Exploring Yandex Search Ranking Factors with Leaked Insights

January 31, 2023

The search marketing community is trying to make sense of the leaked Yandex repository containing files listing what looks like search ranking factors. Ryan Jones (@RyanJones) believes that this leak is a big deal and has already loaded up some of the Yandex machine learning models onto his own machine for testing. Although some may be looking for actionable SEO clues, the general agreement is that it will be helpful more for gaining a general understanding of how search engines work (@RyanJones, January 29, 2023). As Ryan said "[If] you want hacks or shortcuts those aren’t here. But if you want to understand more about how a search engine works, there’s gold."

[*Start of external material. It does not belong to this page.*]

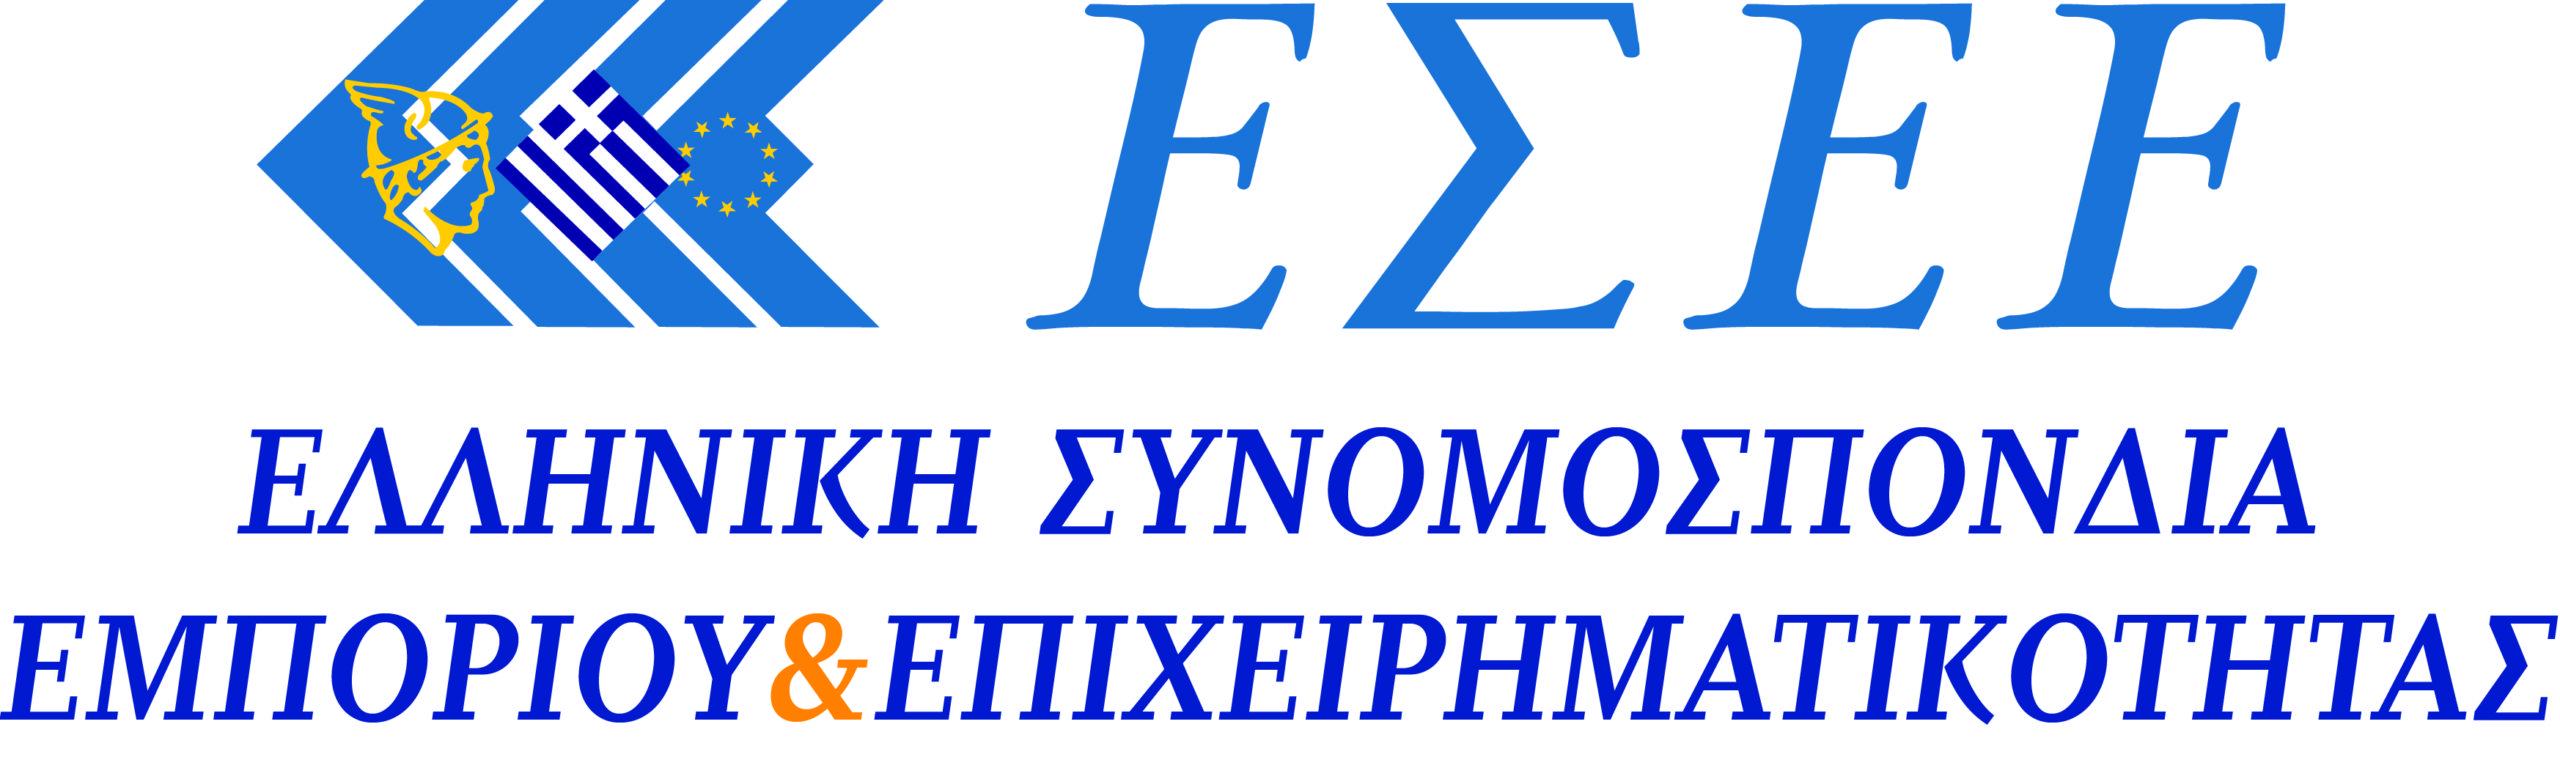 Photo of Υποχρεωτική και καθολική αναστολή λειτουργίας όλων των εμπορικών καταστημάτων ζητά η ΕΣΕΕ

Ryan believes that we can learn a lot from examining the leaked list of Yandex Ranking Factors, however examining this list alone is not enough. He explains that while Yandex is not Google, it does use many of Google’s invented tech like PageRank and BERT. He also states that the factors and weights applied to them will likely vary across search engines, but the computer science methods used to analyze text relevance will be very similar. Additionally, he notes that there are more ranking factors calculated in the code than what have been listed in the leaked lists floating around, with some negative weights being assigned to factors which SEOs may assume are positive or vice versa. Link: https://www.seobility.net/en/blog/yandex-ranking-factors/

It's widely believed that Yandex uses 1,923 ranking factors for its search engine. However, Christoph Cemper (LinkedIn profile), founder of Link Research Tools, has heard from friends that there are many more ranking factors than initially thought. According to these sources, Yandex employs 275 personalization factors, 220 “web freshness” factors, 3186 image search factors, and 2,314 video search factors. Surprisingly enough, the search engine also utilizes hundreds of link-related ranking factors as well. This indicates that there are far more than the 200+ ranking signals Google originally claimed to employ in its SERPs.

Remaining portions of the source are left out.